• _YOUR INSTRUCTIONS_
Every line of the listing is returned unchanged, and every picture is dropped.

• _INFORMATION SHOWN_
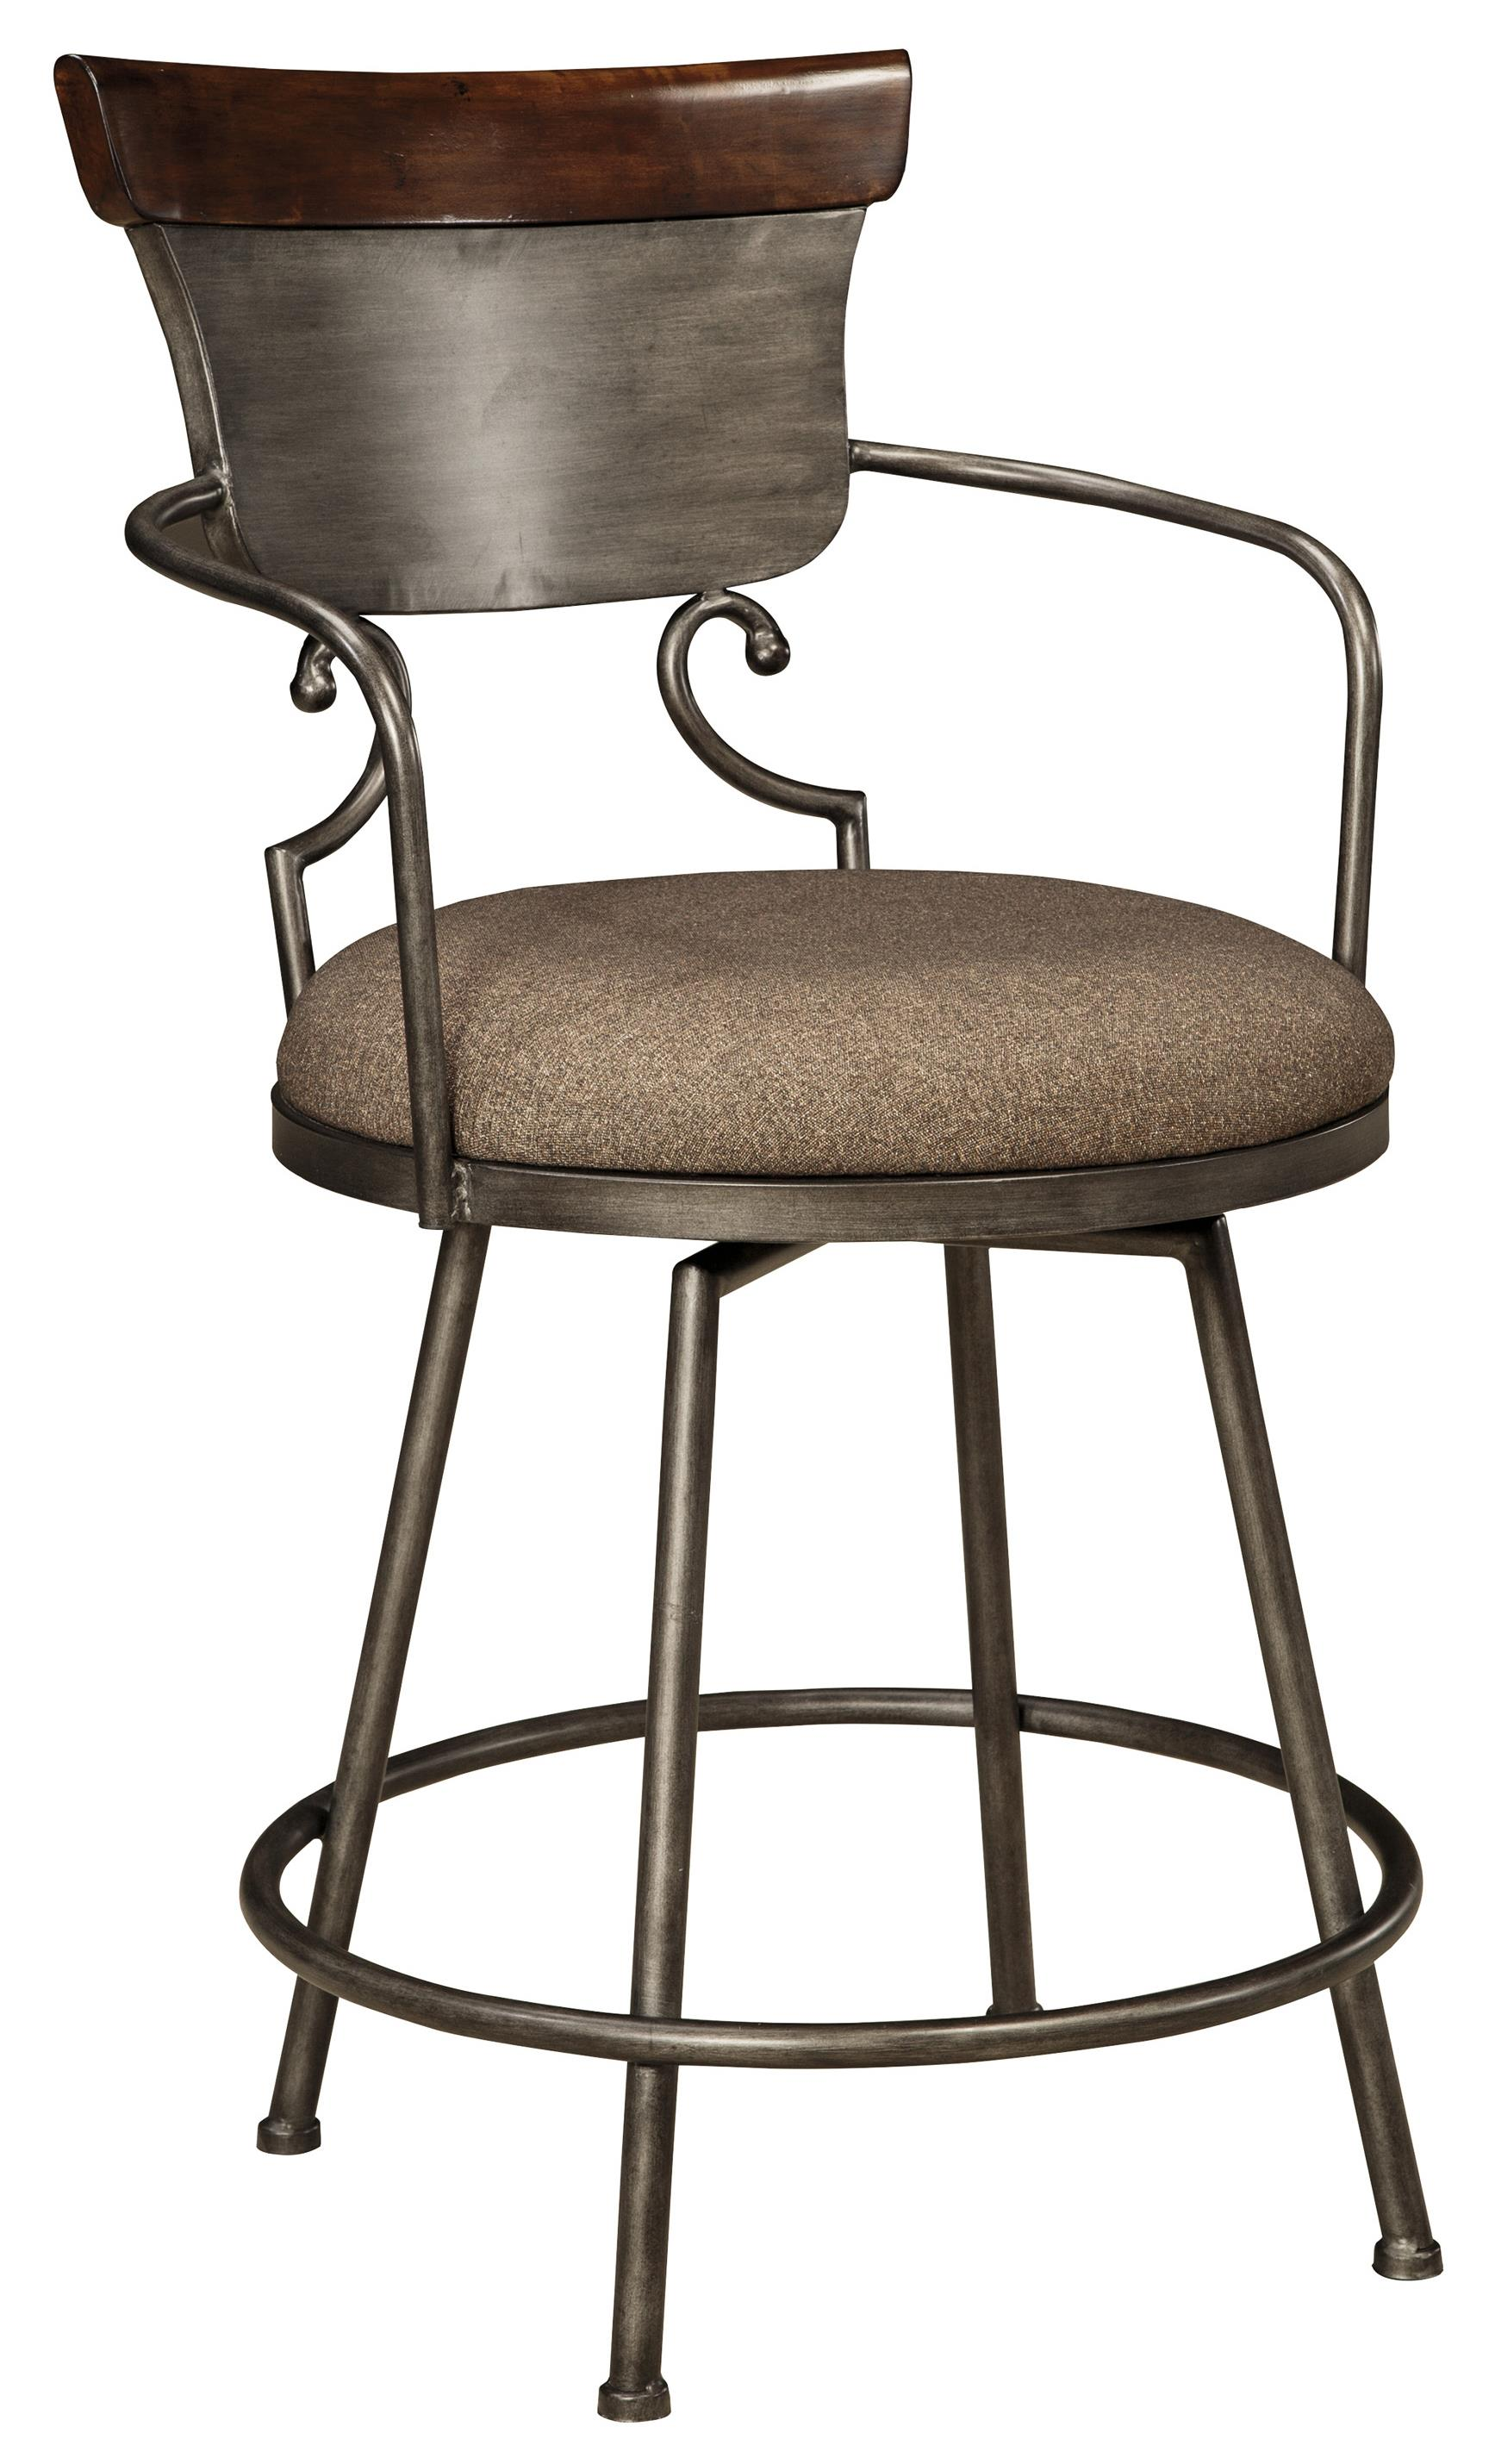 design bar chairs desk chair mat ashley signature moriann upholstered barstool
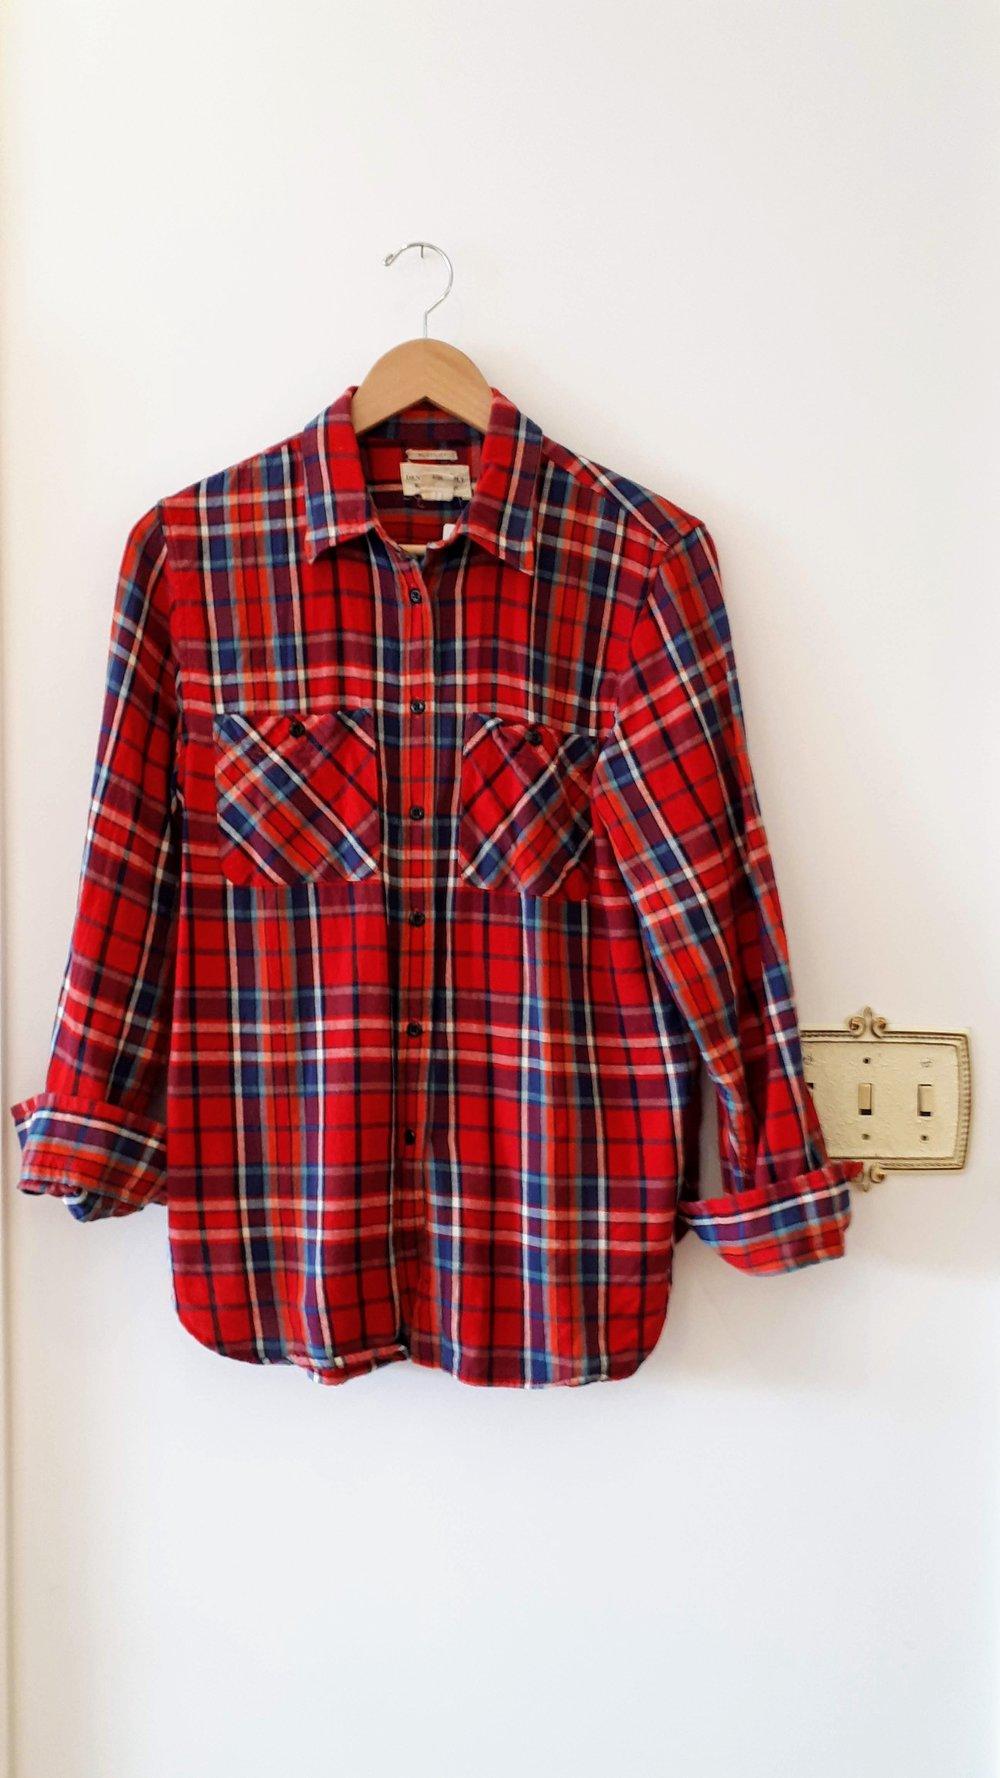 Ralph Lauren top; Size L, $24
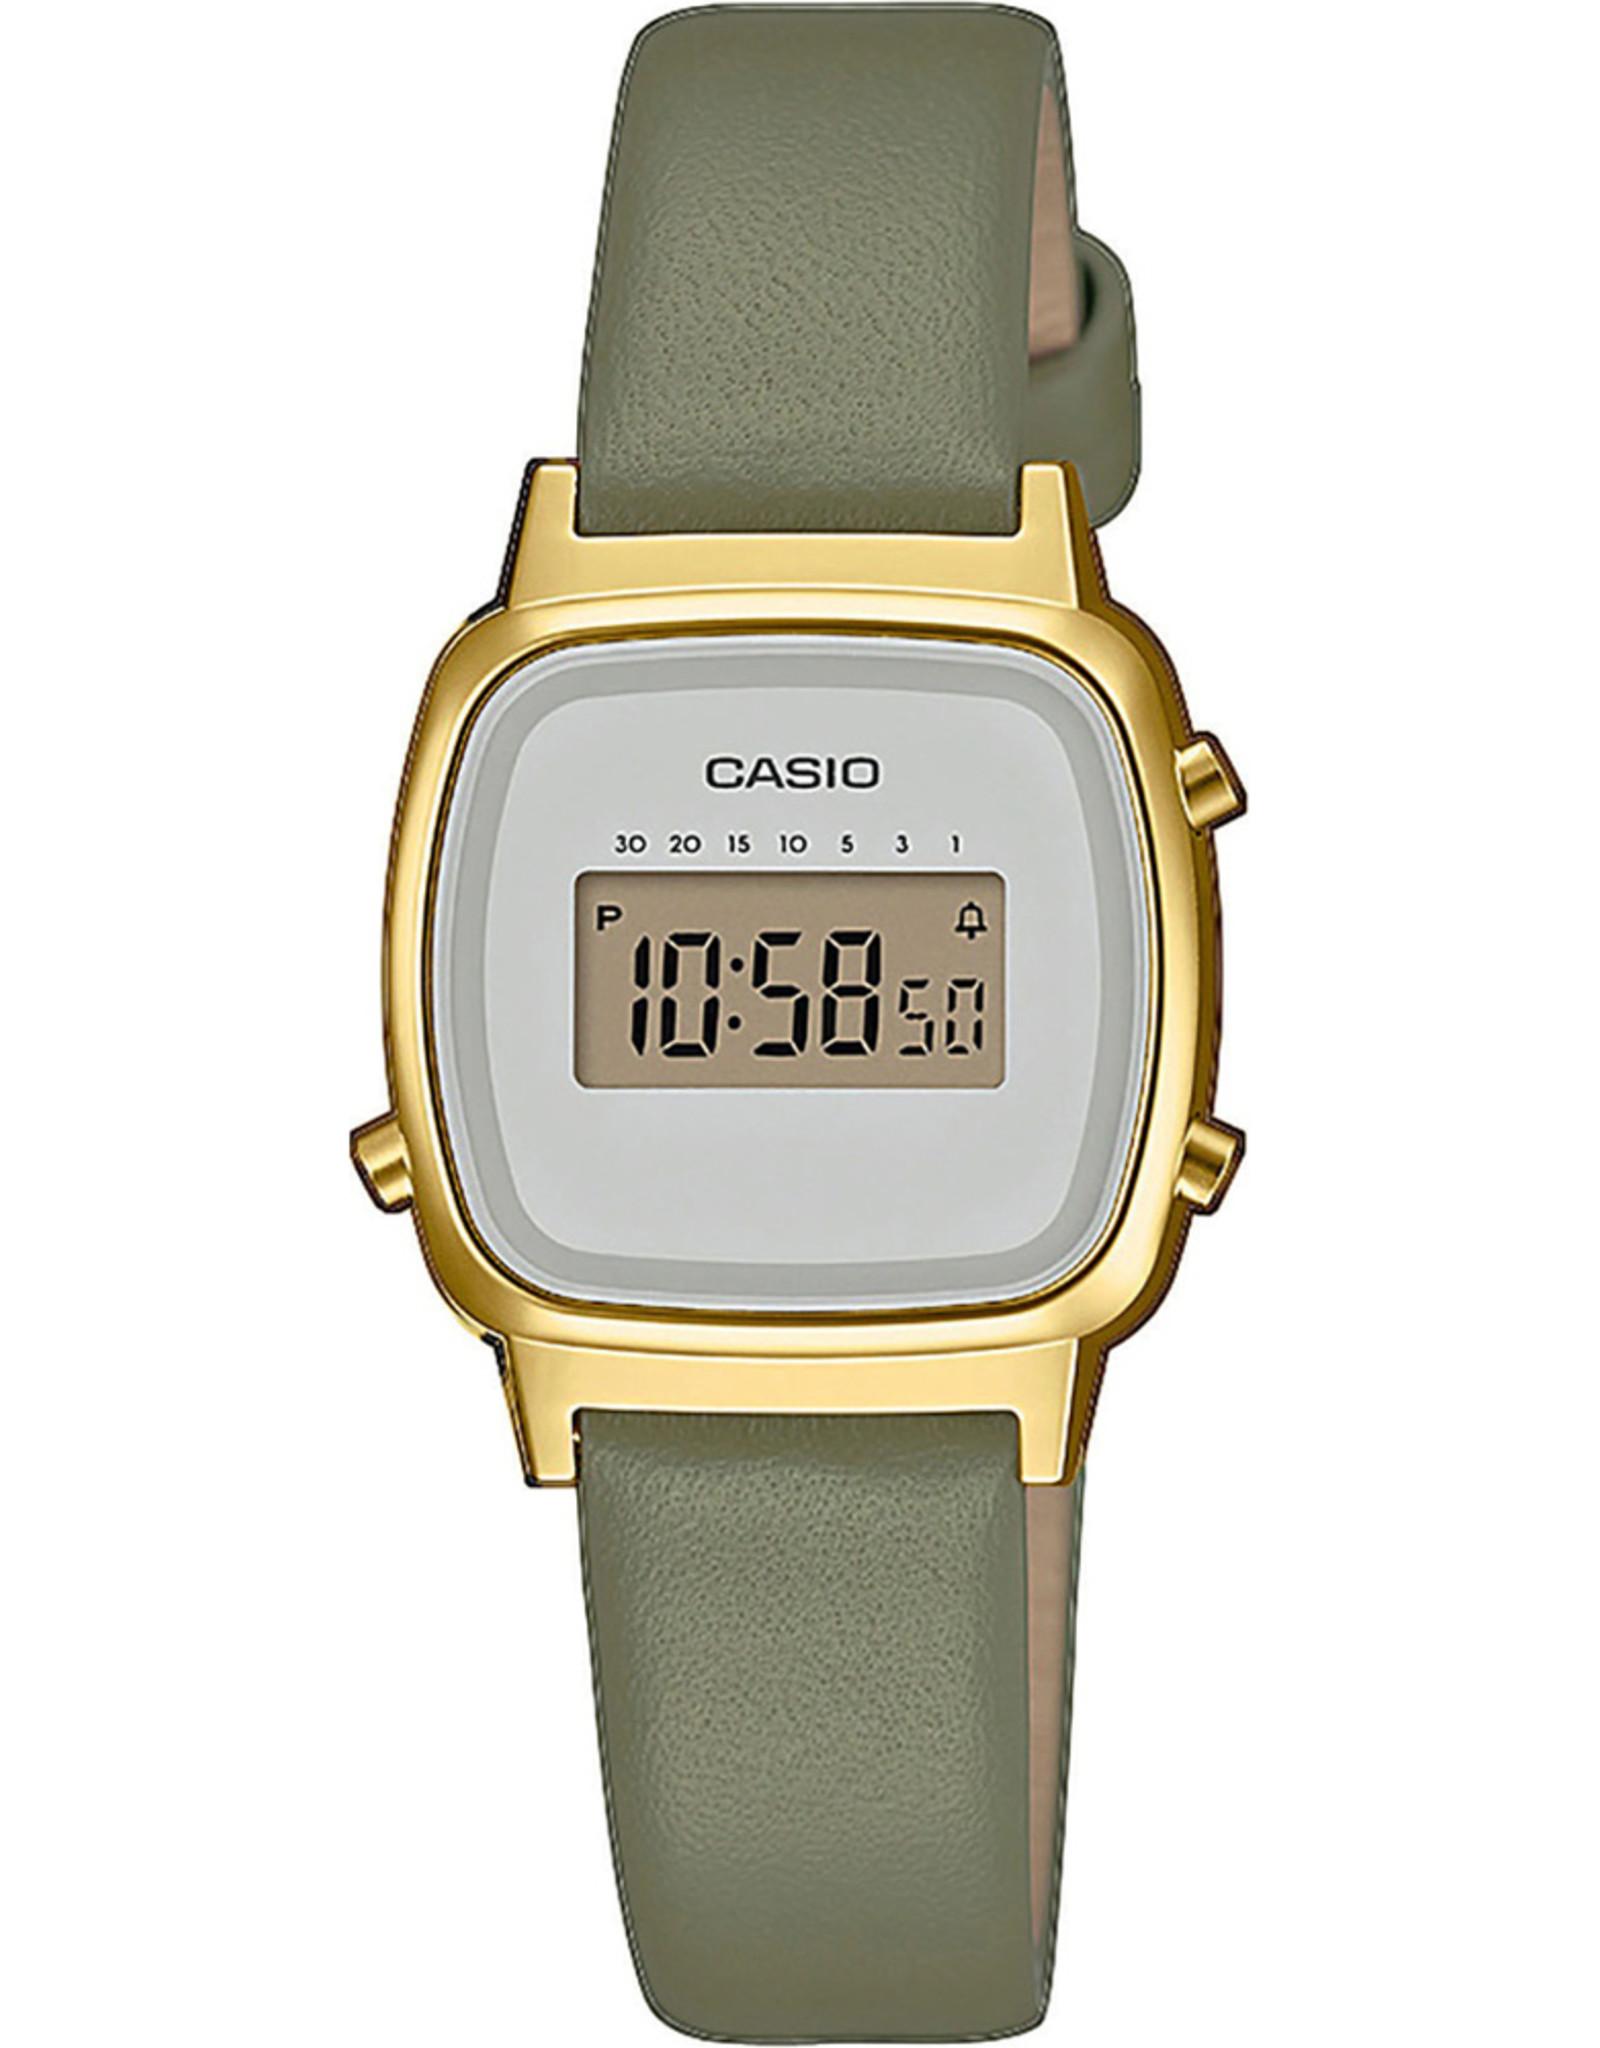 Casio la670wefl-3ef

• _ANSWER TO THIS PROBLEM_
 design bar chairs desk chair mat ashley signature moriann upholstered barstool
 Ralph Lauren top; Size L, $24
 Casio la670wefl-3ef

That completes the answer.